P16625 [GKS 2017 #D] Sherlock and Matrix Game

Today, Sherlock and Watson attended a lecture in which they were introduced to matrices. Sherlock is one of those programmers who is not really interested in linear algebra, but he did come up with a problem involving matrices for Watson to solve. Sherlock has given Watson two one-dimensional arrays A and B; both have length $N$. He has asked Watson to form a matrix with $N$ rows and $N$ columns, in which the $j^\text{th}$ element in the $i^\text{th}$ row is the product of the i-th element of A and the j-th element of B. Let $(x, y)$ denote the cell of the matrix in the x-th row (numbered starting from $0$, starting from the top row) and the y-th column (numbered starting from $0$, starting from the left column). Then a submatrix is defined by bottom-left and top-right cells $(a, b)$ and $(c, d)$ respectively, with $a \ge c$ and $d \ge b$, and the submatrix consists of all cells $(i, j)$ such that $c \le i \le a$ and $b \le j \le d$. The sum of a submatrix is defined as sum of all of the cells of the submatrix. To challenge Watson, Sherlock has given him an integer $K$ and asked him to output the $K^\text{th}$ largest sum among all submatrices in Watson's matrix, with $K$ counting starting from $1$ for the largest sum. (It is possible that different values of $K$ may correspond to the same sum; that is, there may be multiple submatrices with the same sum.) Can you help Watson?

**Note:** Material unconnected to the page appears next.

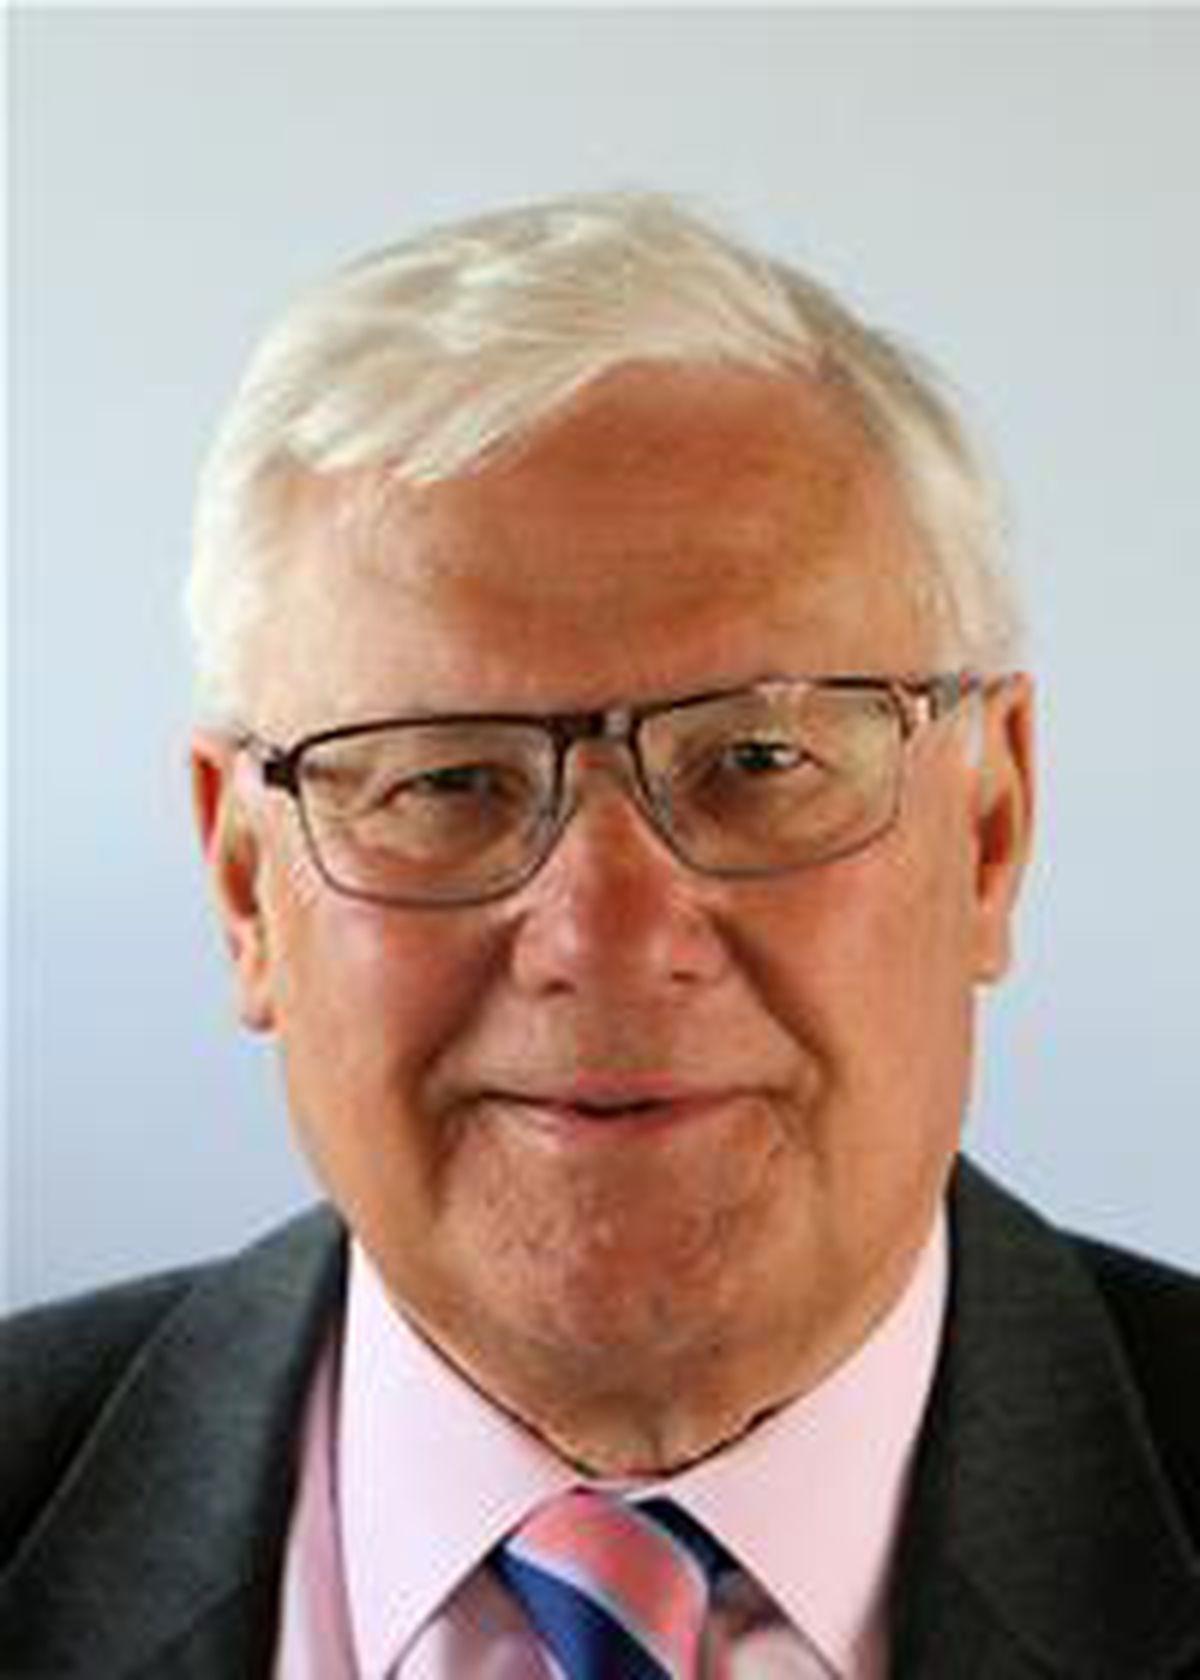 Councillor Gareth Morgan

The first line of the input gives the number of test cases, $T$. $T$ test cases follow. Each test case consists of one line with nine integers $N$, $K$, $A_1$, $B_1$, $C$, $D$, $E_1$, $E_2$ and $F$. $N$ is the length of arrays $A$ and $B$; $K$ is the rank of the submatrix sum Watson has to output, $A$$_1$ and $B$$_1$ are the first elements of arrays A and B, respectively; and the other five values are parameters that you should use to generate the elements of the arrays, as follows: First define $x_1 = A_1$, $y_1 = B_1$, $r_1 = 0$, $s_1 = 0$. Then, use the recurrences below to generate $x_i$ and $y_i$ for $i = 2$ to $N$: - $x_i = (C \times x_{i-1} + D \times y_{i-1} + E_1) \pmod{F}$. - $y_i = (D \times x_{i-1} + C \times y_{i-1} + E_2) \pmod{F}$. Further, generate $r_i$ and $s_i$ for $i = 2$ to $N$ using following recurrences: - $r_i = (C \times r_{i-1} + D \times s_{i-1} + E_1) \pmod{2}$. - $s_i = (D \times r_{i-1} + C \times s_{i-1} + E_2) \pmod{2}$. We define $A_i = (-1)^{r_i} \times x_i$ and $B_i = (-1)^{s_i} \times y_i$, for all $i = 2$ to $N$.

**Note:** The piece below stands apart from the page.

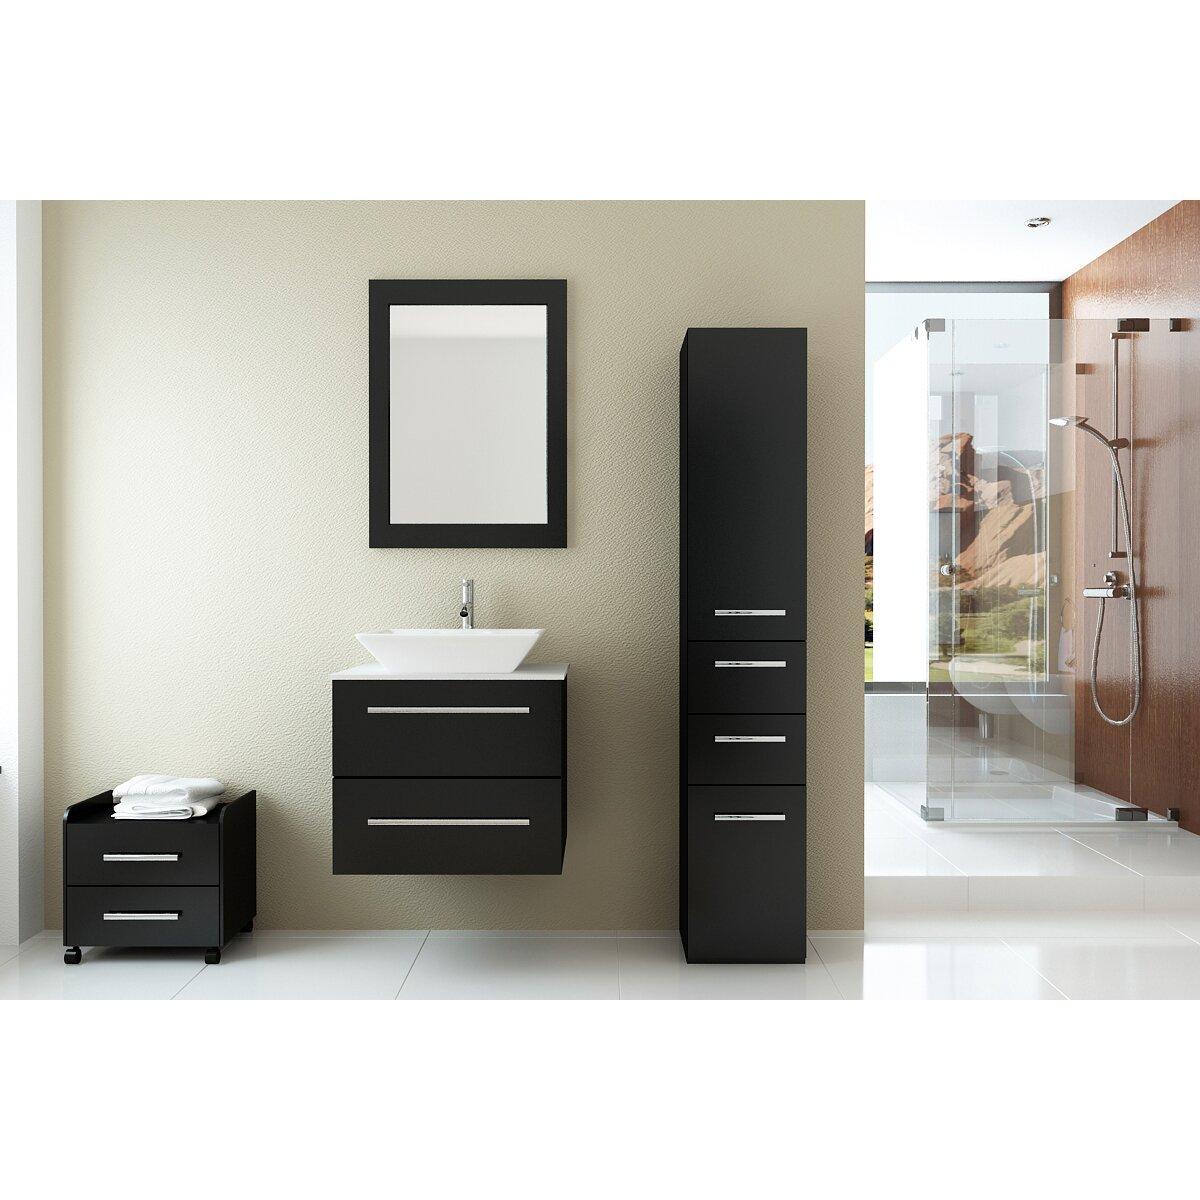 "jwh living carina "" single wall mounted bathroom vanity set, Bathroom decor"

For each test case, output one line containing `Case #x: y`, where $x$ is the test case number (starting from $1$) and $y$ is the $K^\text{th}$ largest submatrix sum in the matrix defined in the statement.

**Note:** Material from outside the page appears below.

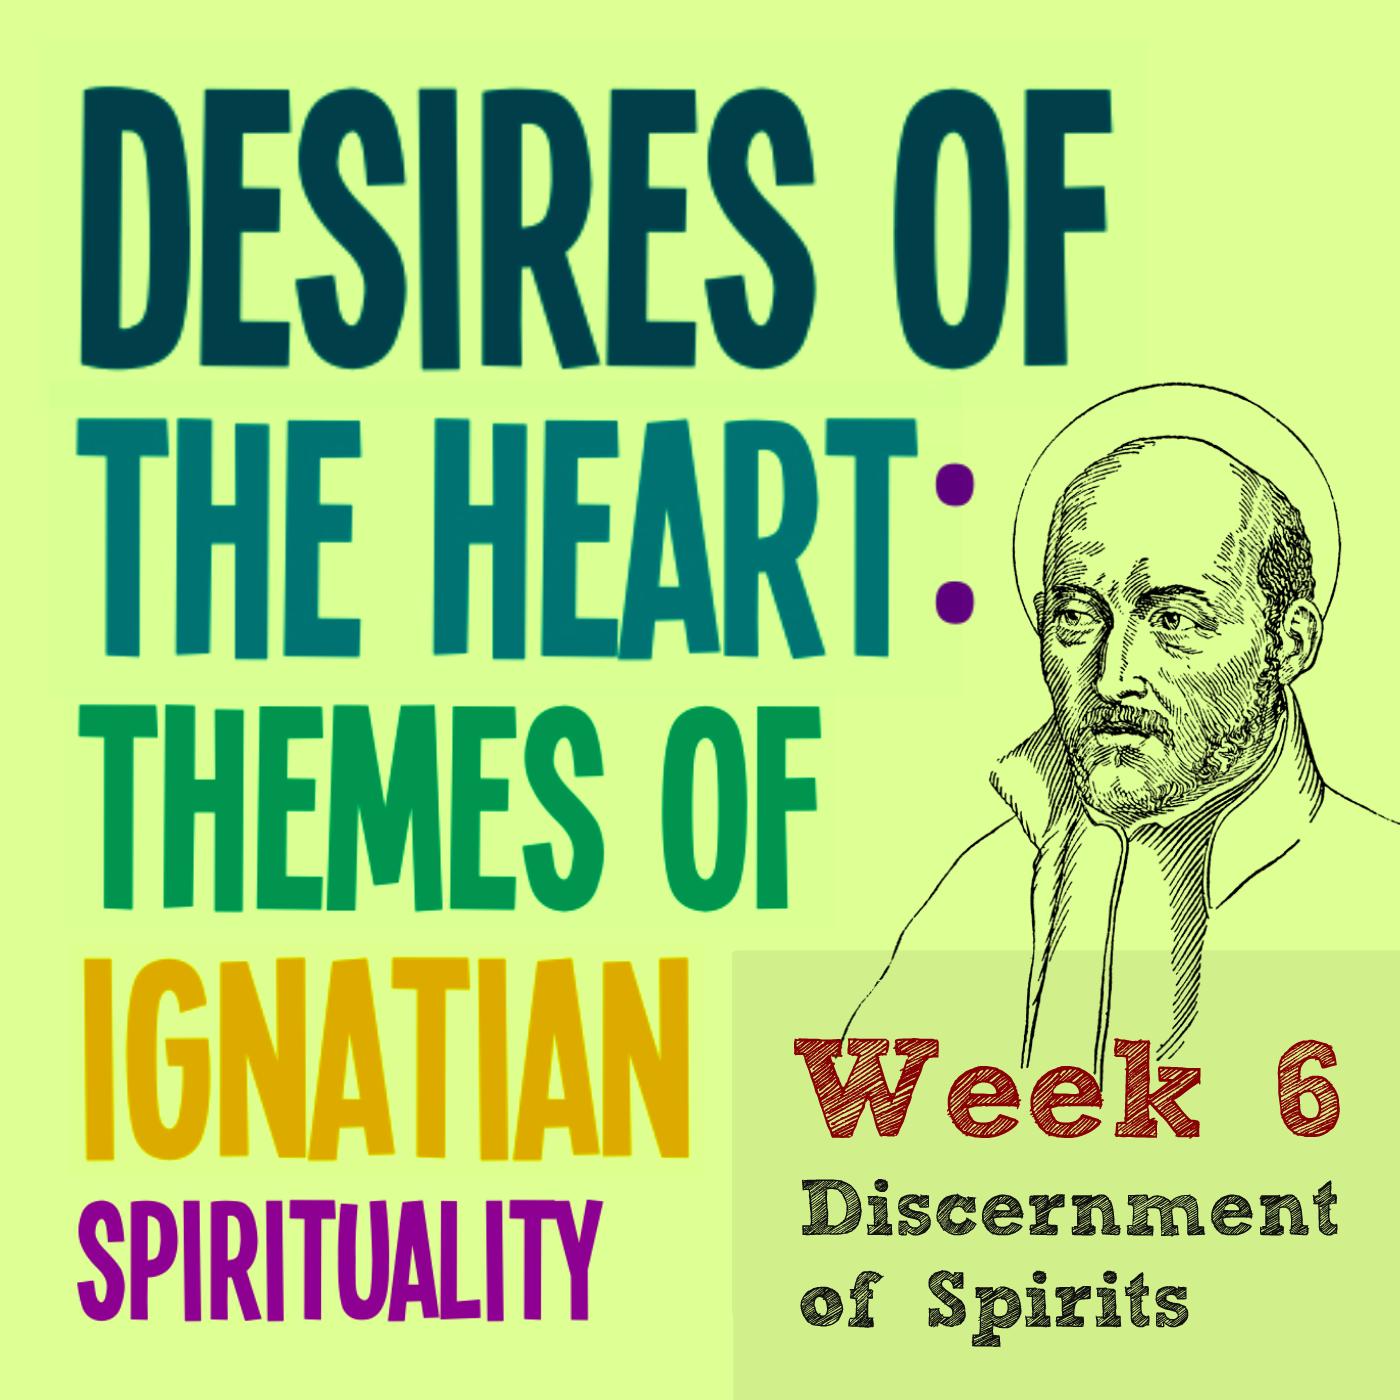 Discernment of Spirits – Week 6

In case 1, using the generation method, the generated arrays A and B are [1, -3] and [1, -3], respectively. So, the matrix formed is $$\begin{aligned} &[1, \ -3] \\ &[-3, \ 9] \end{aligned}$$ All possible submatrix sums in decreasing order are [9, 6, 6, 4, 1, -2, -2, -3, -3]. As **K = 3**, answer is 6. In case 2, using the generation method, the generated arrays A and B are [2] and [2], respectively. So, the matrix formed is $$\begin{aligned} &[4] \end{aligned}$$ As **K = 1**, answer is 4. In case 3, using the generation method, the generated arrays A and B are [1, 0] and [2, -1] respectively. So, the matrix formed is $$\begin{aligned} &[2, \ -1] \\ &[0, \ 0] \end{aligned}$$ All possible submatrix sums in decreasing order are [2, 2, 1, 1, 0, 0, 0, -1, -1]. As **K = 3**, answer is 1. ### Limits $1 \le T \le 20$. $1 \le K \le \min(10^5, \text{total number of submatrices possible})$. $0 \le A_1 \le 10^3$. $0 \le B_1 \le 10^3$. $0 \le C \le 10^3$. $0 \le D \le 10^3$. $0 \le E_1 \le 10^3$. $0 \le E_2 \le 10^3$. $1 \le F \le 10^3$. **Small dataset (Test set 1 - Visible)** $1 \le N \le 200$. **Large dataset (Test set 2 - Hidden)** $1 \le N \le 10^5$.